2.1. Op 25 december 1998 overleed [naam erflater], verder: erflater.

Erflater heeft bij niet-effect sorterend testament over zijn nalatenschap beschikt.

2.2. Erfgenamen zijn klaagster en haar vier broers [broer 1], [broer 2], [broer 3], en [broer 4].

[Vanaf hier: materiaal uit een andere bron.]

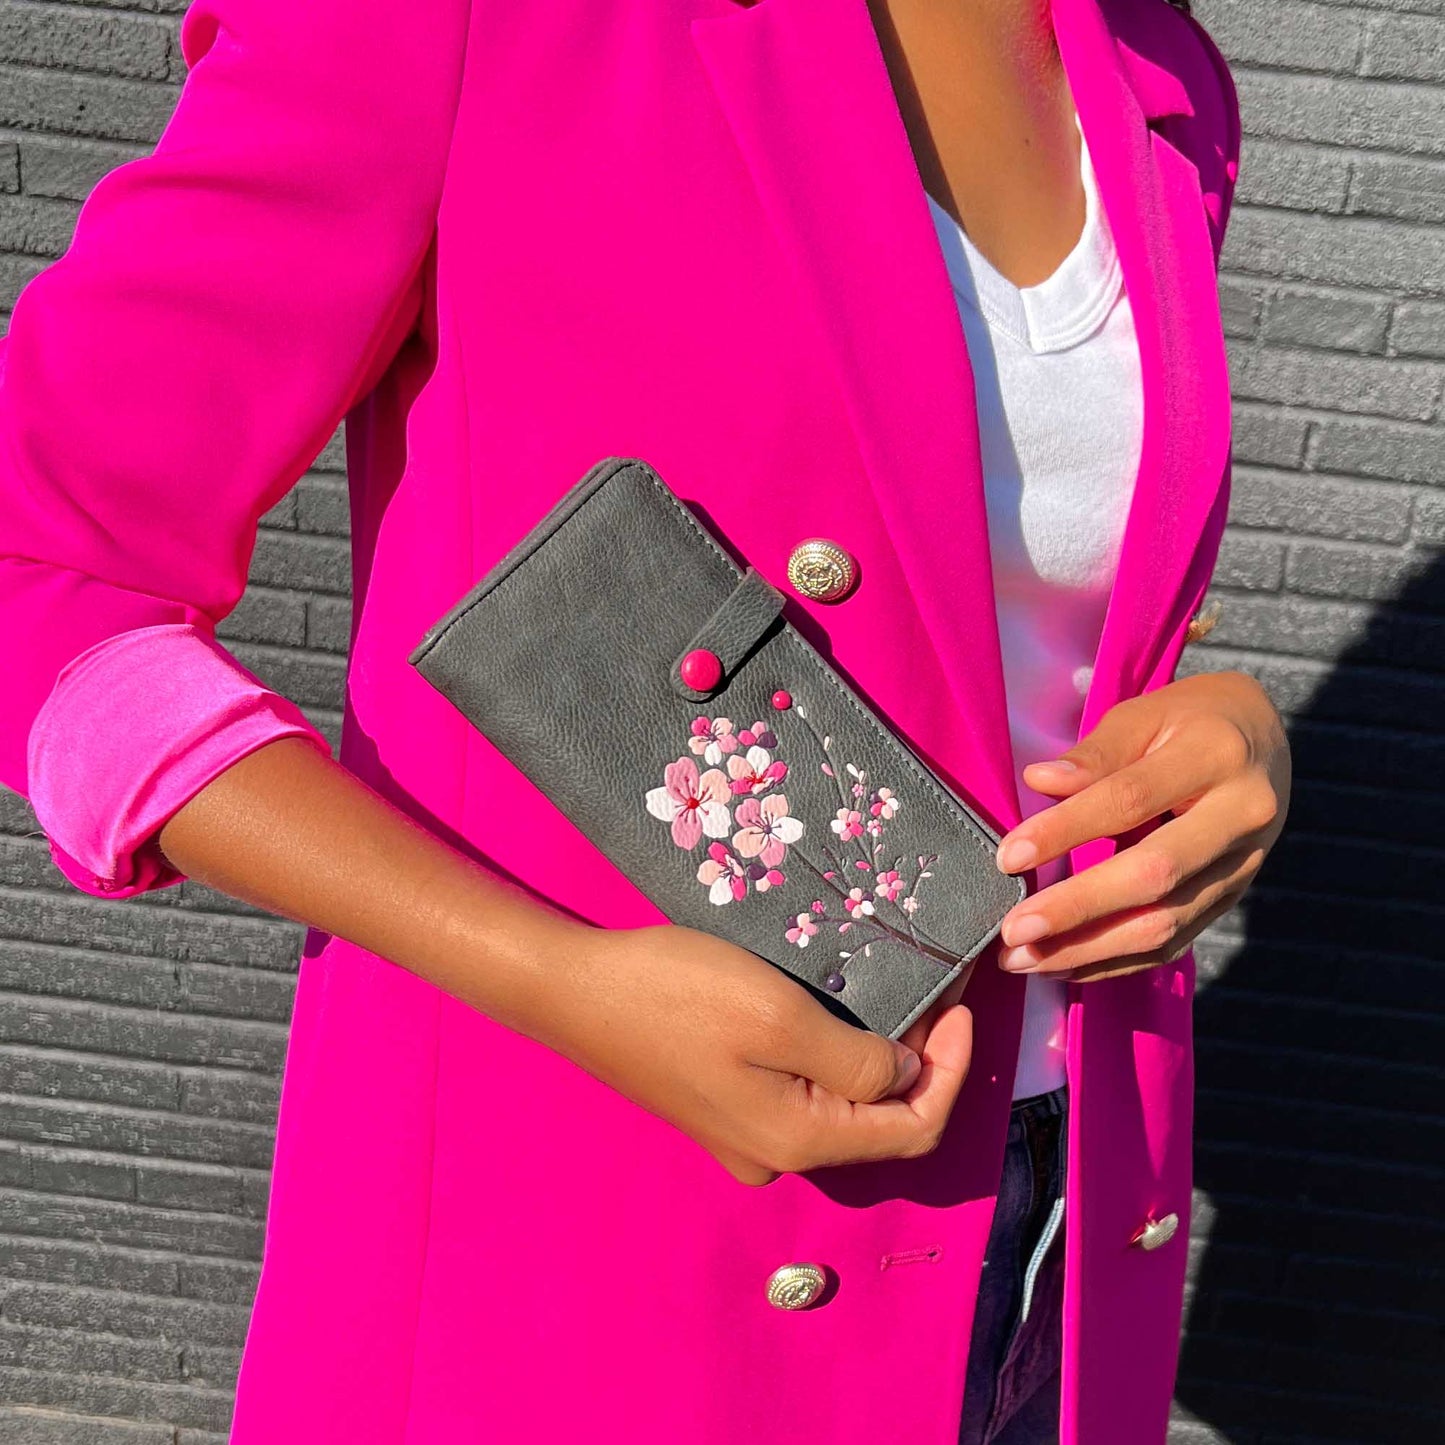 ESPE Gemma Vegan Leather Long Wallet with Cherry Blossom Appliqué

2.3. Tijdens zijn leven heeft erflater aan klaagster een bedrag geschonken van

f. 90.794,--.

2.4. Klaagster heeft [naam kandidaat-notaris], destijds kandidaat-notaris op het kantoor van de notaris, verzocht de afwikkeling van de nalatenschap van erflater ter hand te nemen.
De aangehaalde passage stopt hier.